# What is being asked
The answer must reproduce exactly the lines from the one with "Nrn Designs Baby" through the end of the material, and it must contain no pictures.

# Exercise data
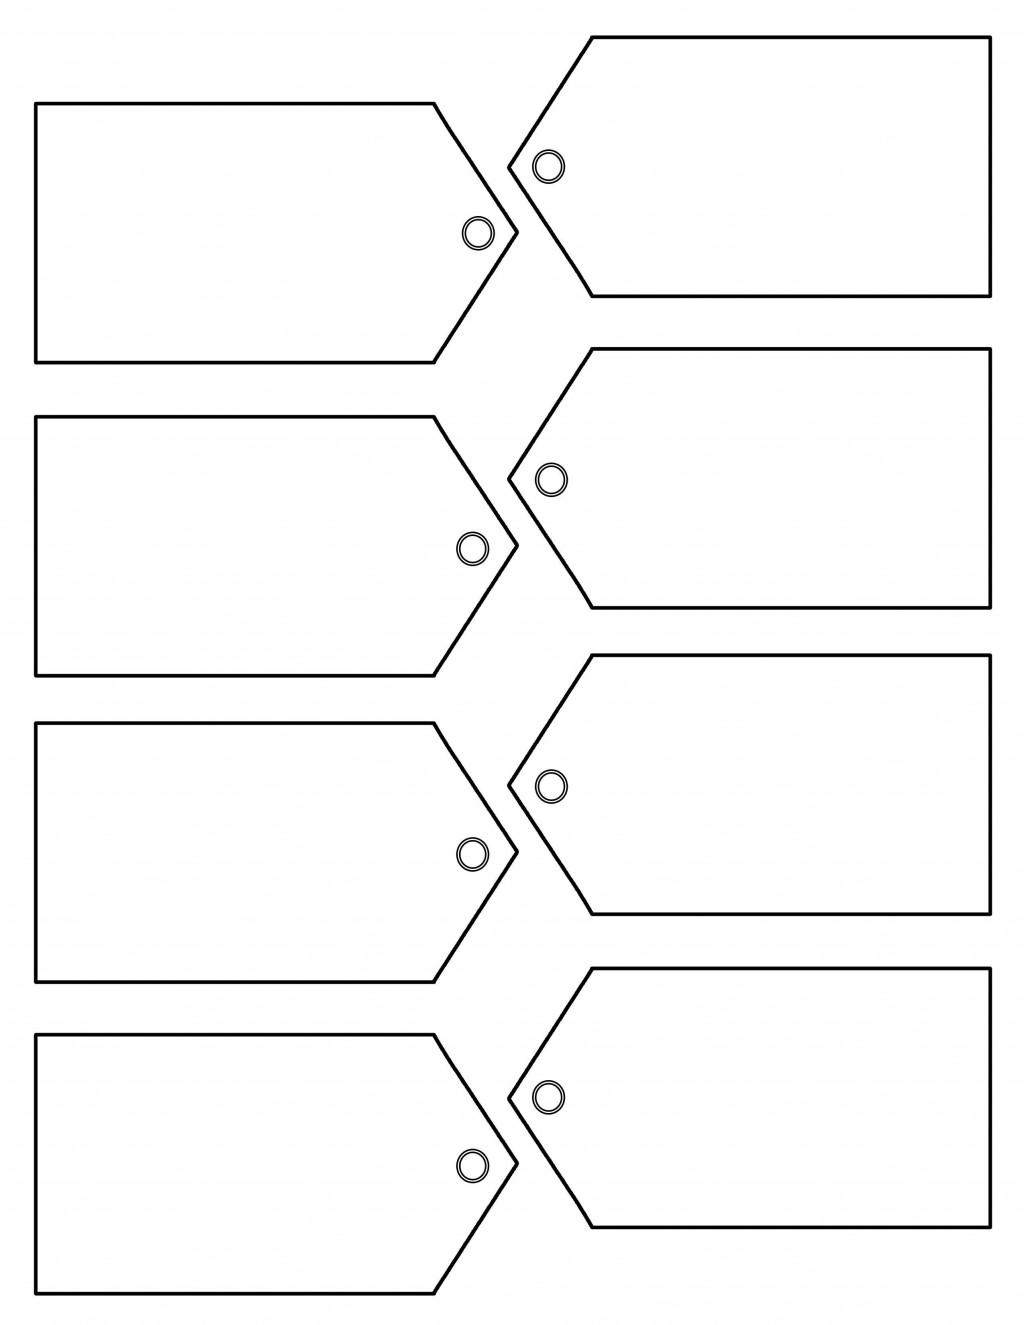 000 Stunning Free Gift Tag Template Design  Templates Downloadable Christma Printable For Word To PrintLarge
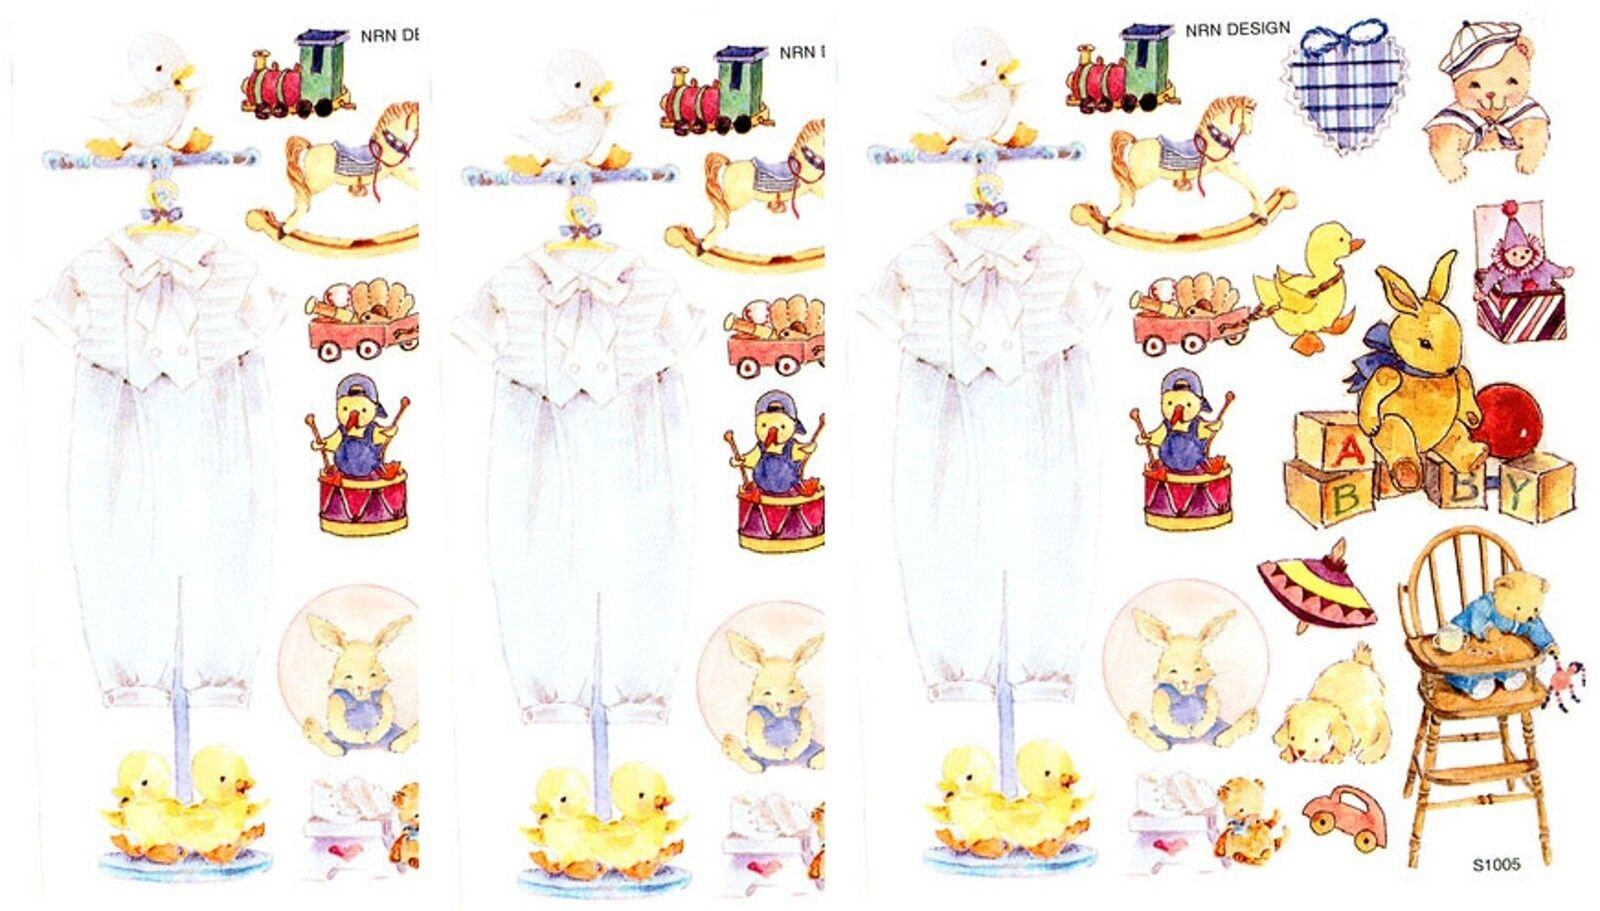 Nrn Designs Baby Boy Classic Scrapbook Stickers 3 Sheets Ebay
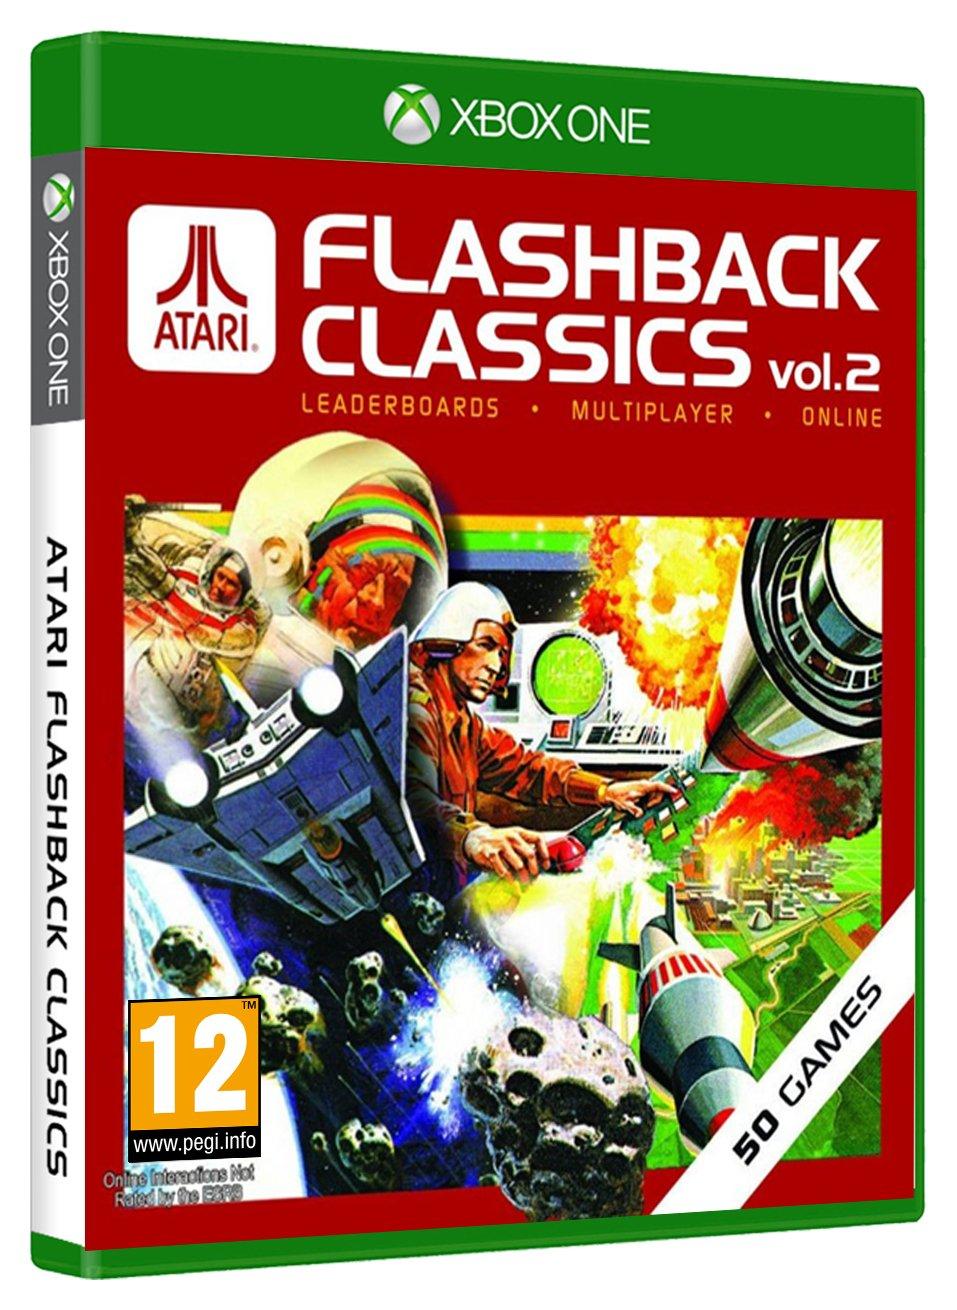 Image of Atari Flashback Classics Volume 2 Xbox One Game

# Result
 Nrn Designs Baby Boy Classic Scrapbook Stickers 3 Sheets Ebay
 Image of Atari Flashback Classics Volume 2 Xbox One Game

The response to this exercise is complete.